Era el año en que corríamos tras las mariposas con ramas de
sauces. La calle de tierra aún permanecía húmeda por las lluvias torrenciales
de primavera. El aroma de los paraísos y las nocheras de tía Coco, junto al sol
que se filtraba entre las ramas del alcanfor de Don Castillo, formaban un combo
perfecto al atardecer en Merlo.
En Woodstock tocaban Santana, Janis Joplin y Jimi Hendrix,
mientras Neil Armstrong ponía un pie en la luna. ¡Días felices aquellos!
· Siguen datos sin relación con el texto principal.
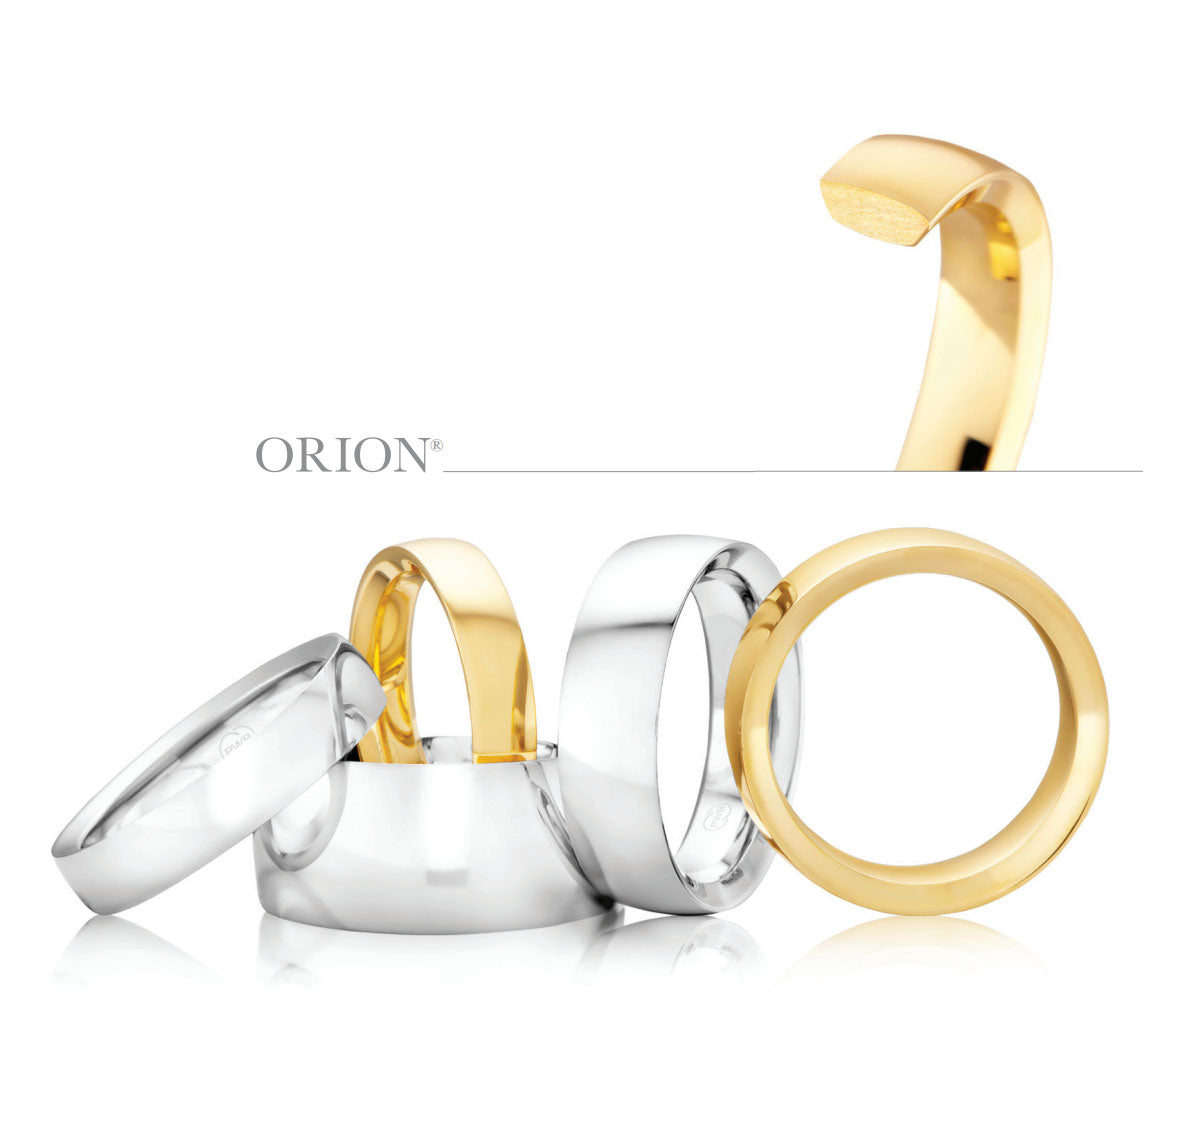 Gents Luxury "ORION" Wedding Ring.

Yo
tenía una hermana y mi propia familia. Tras las fiestas, pasaron por casa
Melchor, Baltasar y Gaspar. Mi alegría fue total: me regalaron una bicicleta
amarilla. Era la más hermosa de todas. En el rostro de Abel vi reflejada mi
felicidad, hasta que caí en cuenta de que no sabía pedalear. Pensé, sonreí y
llamé urgente a Susana y Ana, quien, además de ser mi prima mayor, era mi
madrina.
Al principio, ellas me ayudaron sosteniendo la bicicleta.
Luego se colocaron una frente a la otra, y así empecé a rodar solo. Poco a
poco, se fueron alejando, hasta que en un descuido caí al suelo. Sí, lloré
bastante. No fue necesario visitar al médico; todo se solucionó con hielo y
mimos.
La bicicleta amarilla fue mi primer gran regalo. Dormía en
el taller-garaje de tío Bebe, mi padrino y la persona que me brindó todo su
amor durante mis primeros años. Era tan celoso de ella que no dejaba que mis
amigos la usaran. Una tarde, Jorge, mi amigo y compañero de pupitre, llegó a
llorar para que le permitiera dar una vuelta.
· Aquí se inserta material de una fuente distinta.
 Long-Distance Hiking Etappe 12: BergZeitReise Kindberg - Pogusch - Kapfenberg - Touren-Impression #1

—¡Bueno, dale! Date una vuelta a la manzana, y ¡cuidado,
gordo!
—¡Gracias, Tony!
Pasó el tiempo y Jorge no regresaba. Me puse ansioso y corrí
hasta la esquina de Don Alfredo. Entonces lo vi acercarse con la bici de tiro.
Primero me agarré la cabeza, luego caminé hacia él: Jorge estaba todo embarrado,
y la bici, obvio también, sin cadena y pinchada. —¡Ay, Dios mío, ¡qué angustia!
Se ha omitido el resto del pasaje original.